Prima di lasciare castiglione del lago avrei voluto visitare l’Isola Maggiore anche questa una meta classica delle mie vacanze infantili, ma per pochi minuti perdo il traghetto ed non ho voglia di aspettarne un altro nella calura estiva, sarà per la prossima volta.
Venerdì mattina mi rimetto in viaggio verso Mercatale di Sassocorvaro provincia di Pesaro e Urbino, per il raduno dei Route 73.
Ripercorro verso Nord la E45 sotto un sole rovente, mi fermo per pranzo in ristorante senza pretese appena fuori dalla statale.
Lasciata la E45 nel pressi di San Giustino percorro la SS73, da cui prende il nome il club che sto per visitare.
Verso metà pomeriggio sono al raduno qui mi trovo con gli amici Without Sound coi quali passerò questi giorni.
La location è parco molto ombreggiato, sulla sponda di un lago artificiale, davvero un bel posto.
Merita un ceno particolare la ristorazione, curata da un vero e proprio ristorante, non un cucina da campo come è normalmente, quindi di livello e varietà decisamente alti.
Anche la zona circostante pare essere molto bella, l’idea sarebbe di visitarla dal sabato mattina, ma si mette a piovere e così si passa il tempo tra una birra e l’altra, quando smette di piovere preferisco non mettermi in moto.
La domenica mattina mi rimetto in viaggio, questa volta verso casa.
Uscire dall’area raduno resa un pantano dalle piogge del sabato, per di più con la moto sé proprio agevole.

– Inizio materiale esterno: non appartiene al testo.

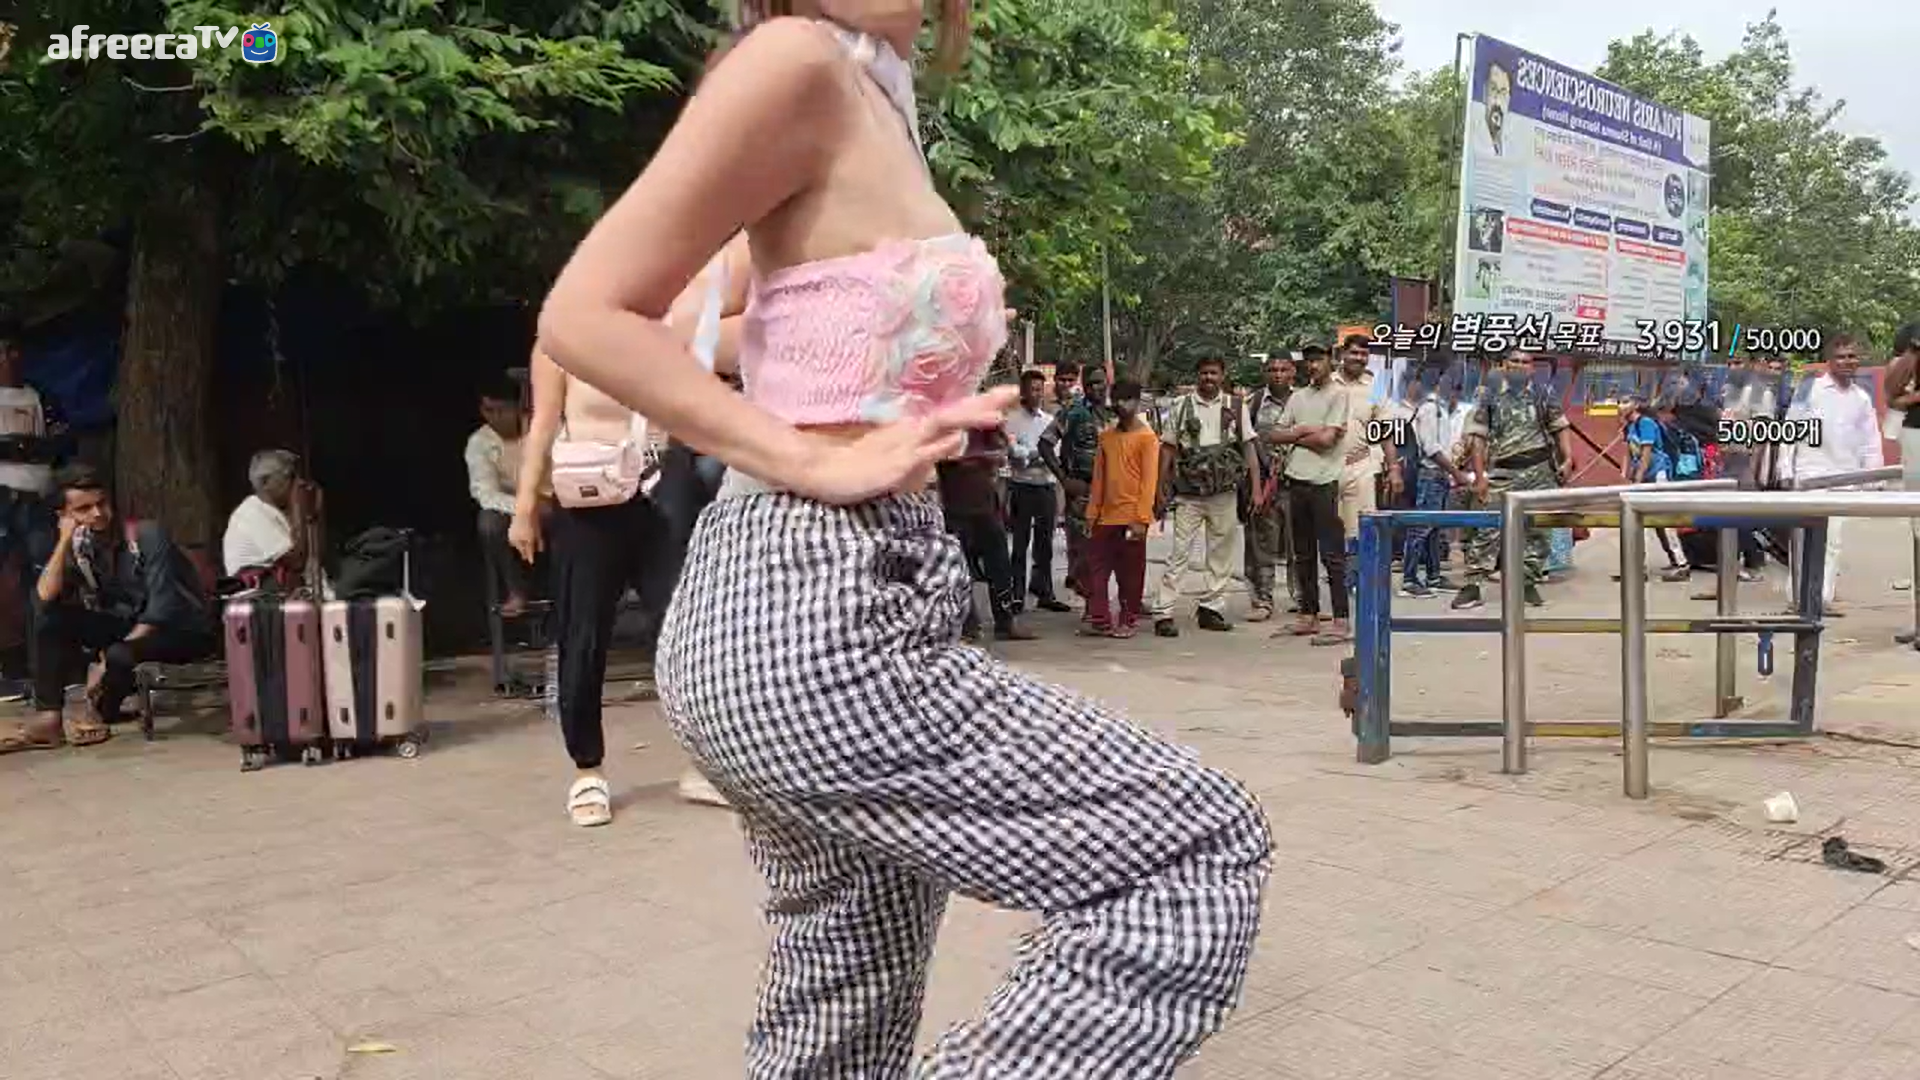 아프리카TV 여성 BJ 2명이 28일 인도 여행 중 생방송에서 노출이 있는 옷을 입고 길거리 댄스 콘텐츠를 진행해 온라인상에서 논란이 됐다. 아프리카TV 방송화면 캡처

Viaggiando per le colline in direzione est scorgo lungo la strada un cimitero militare alleato, (Montecchio War Cemetery), mi fermo a dare un occhiata e a fare qualche foto, ma in rete trovo poche e nulle informazioni al riguardo.
Qualche chilometro più avanti passo a poca distanza da Tavulia, il paese di Valentino Rossi, vi viene la curiosità di farci un giro, ma ala fine decido di proseguire.
Più avanti passo sull’A14, mi dirigo verso nord, ma prima di puntare decisamente verso casa faccio ancora una rapida visita a Predappio, (paese natale di Benito Mussolini).
Qunda passo da queste parti ci faccio sempre un giro, ma questa volta il clima di mercimonio che qui si fa attorno alla figura del Duce mi infastidisce.
L’idea e di pernottare qui così da spezzare in due tappe il viaggio di ritorno, invece me ne vado quasi subito, rientrando poi a Pavia nel tardo pomeriggio.